To handle the move, Mr. Cymbal hired Environmental Design, in Houston. The company specializes in moving giant trees and installed the National Christmas Tree on the Ellipse in Washington, D.C., last year. Two years ago, the company successfully transplanted a 150-year-old, 800,000-pound oak nicknamed Mr. Al—comparable in size to the rain tree—in Iberia Parish, La.

The tree is doing “fabulous,” as if it had never been moved, says Tom Cox, the company’s chief executive.

Mr. Cox says he is no stranger to controversy. On projects over the years, he has encountered protesters picketing work sites, chaining themselves to trees and taking up residence in them. “We are a forest-dwelling species,” he says. “We like our trees.”

Relocating the African Rain Tree would involve a meticulous process, Mr. Cox says. Months before moving it, his crew would prune its roots and fortify it with water and nutrients—”comparable to getting ready for a significant operation,” he says.

When the African Rain Tree was ready, they would wrap its root system in burlap, wire and plastic, insert a grille of metal pipes and I-beams beneath it and lift the entire structure with jacks. They would load it onto an enormous transporter, similar to the kind used to haul the space shuttle, and move it to its new home. Mr. Cox says the job will cost in the “mid-six-figures.”

[image]Asi Cymbal

Detractors say that sounds traumatizing. “I heard [Mr. Cymbal] talk about not wanting to curse his karma,” says Derrel Thompson, who lives near the tree. “Well, then leave the tree alone.”

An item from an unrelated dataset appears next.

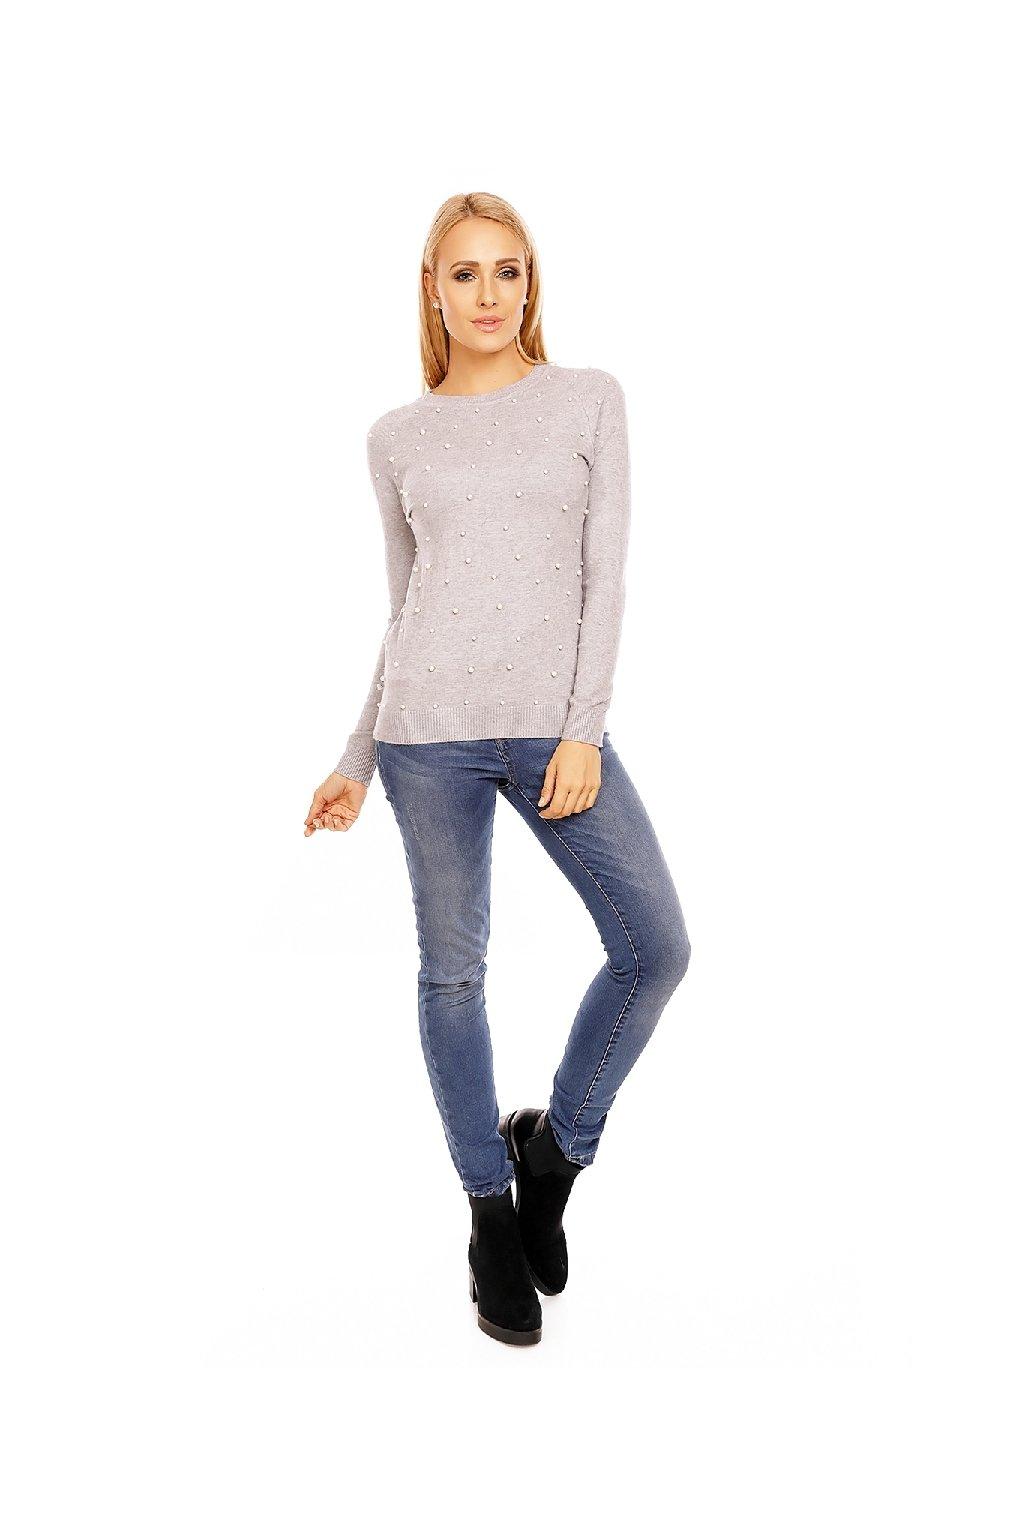 Dámský šedý svetr s perličkami zpředu

Builders have been uprooting and moving big trees since at least the 1920s, when William Randolph Hearst had cypresses trucked in from Paso Robles, Calif., to his castle in San Simeon, 40 miles away. Mr. Cox says his company has moved tens of thousands of large trees and 98% of them have survived, he says.

L. Thomas Chancey, a Fort Lauderdale arborist, says he was hired by the previous owner of the riverfront lot to see whether it was feasible to move the rain tree, and he concluded it was too risky. The property ended up in bankruptcy, and Mr. Cymbal bought it in 2011.

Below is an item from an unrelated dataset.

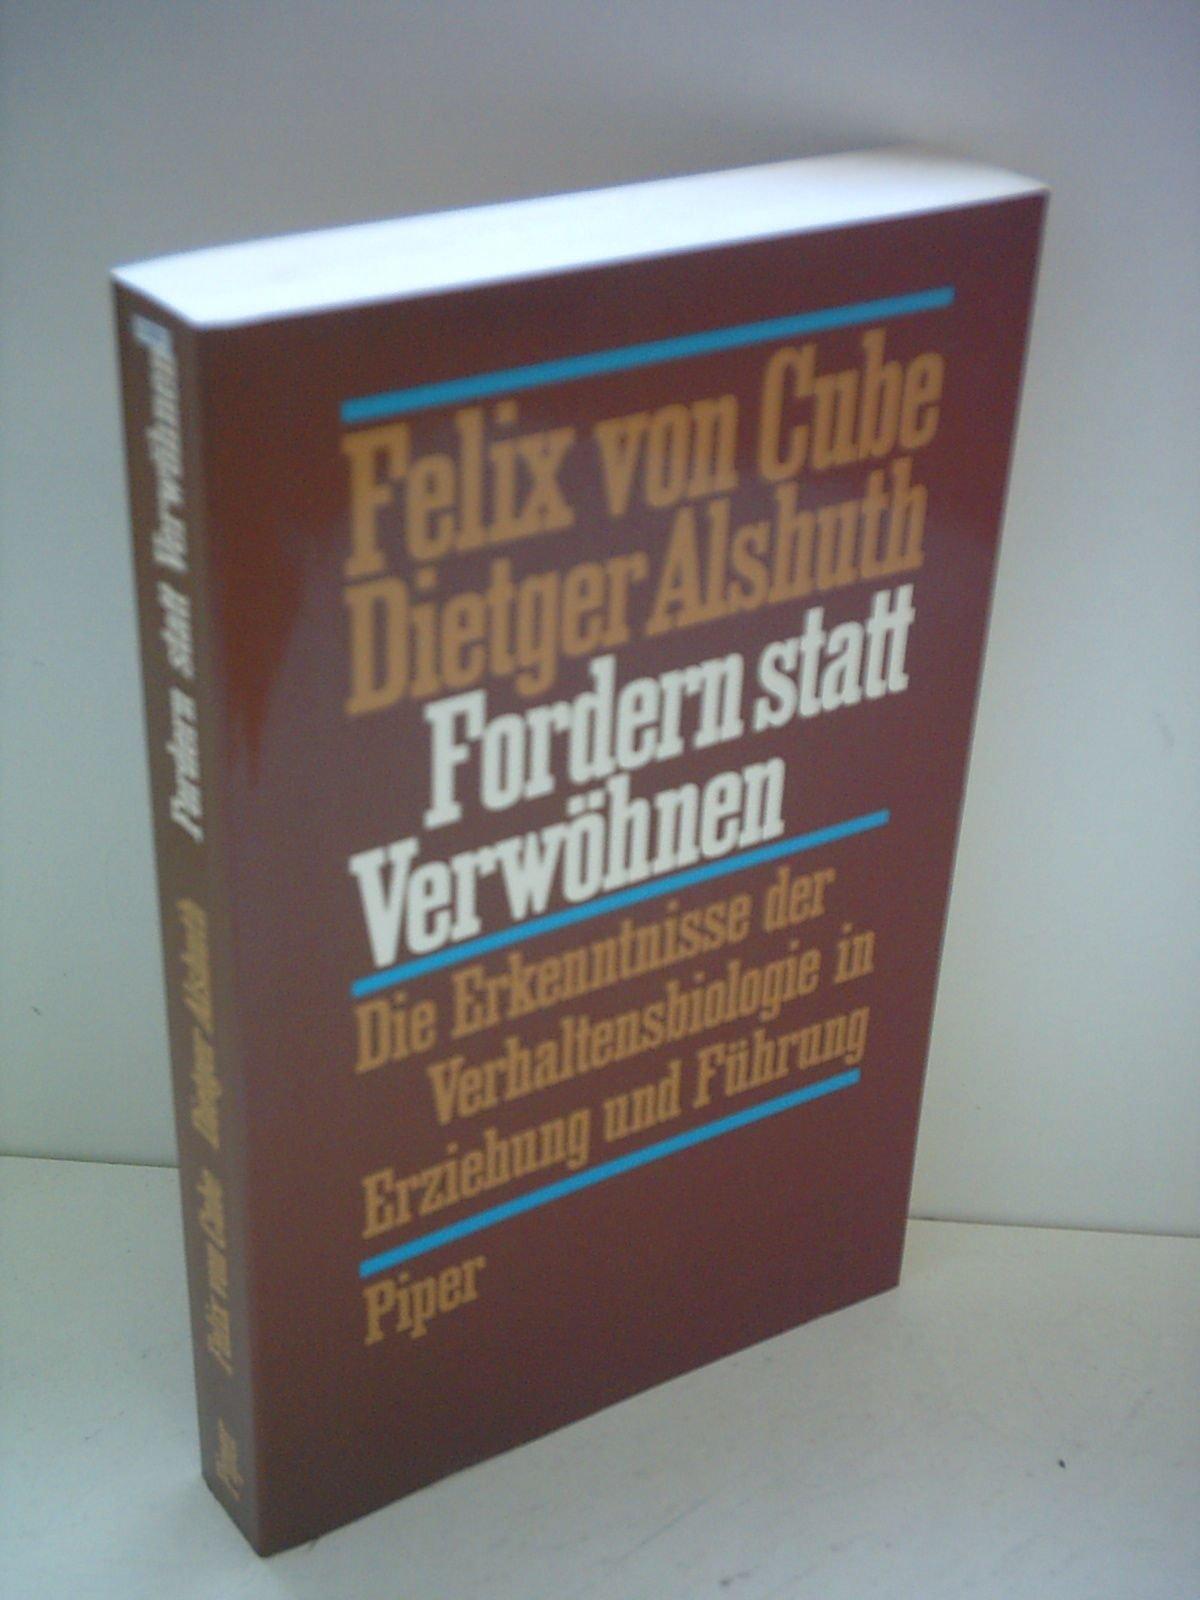 Felix von Cube: Fordern statt Verwöhnen - Die Erkenntnisse der Verhaltensbiologie in Erziehung und Führung

The dispute has blossomed into a battle as well over the design of Marina Lofts, by Bjarke Ingels, a 38-year-old Danish architect whose futuristic designs often leave critics swooning. Renderings of the development, known as Marina Lofts, show three large towers that look like stacks of white bricks, with chunks missing and a jagged split between two of the buildings.

Mr. Cymbal says he envisions it as a “cool, hip environment” that will draw young professionals with its affordable rents, eateries and a public plaza. It includes green roofs and landscaping, meaning the rain tree would be surrounded with greenery.

Joshua Miller, the 30-year-old owner of a media and graphic design studio, loves it. “It’s awesome,” he says. “People leave Fort Lauderdale because nothing new happens…This is new and different and creative.” He and a group of friends have been distributing petitions in support of the community at art walks and parties they organize.

Others aren’t as willing to see Marina Lofts take root. “Who cares about this architect?” says Bob Granatelli, 65, who lives in a neighboring building and considers the community imposing and incongruous, apart from being a threat to the rain tree. The design “is not so hip…It looks like a wall with a ragged edge.”

Opponents of Mr. Cymbal’s plans say they are glad he is developing the lot, but just want him to downsize Marina Lofts and build around the rain tree. “We’re not a bunch of crunchy granola fanatics,” says Rose Bechard-Butman of the Fort Lauderdale Garden Club.

She vows to press ahead with her fight. “I’m not saying I’m going to chain myself to the tree,” she says, with a laugh, “though it may come to that.”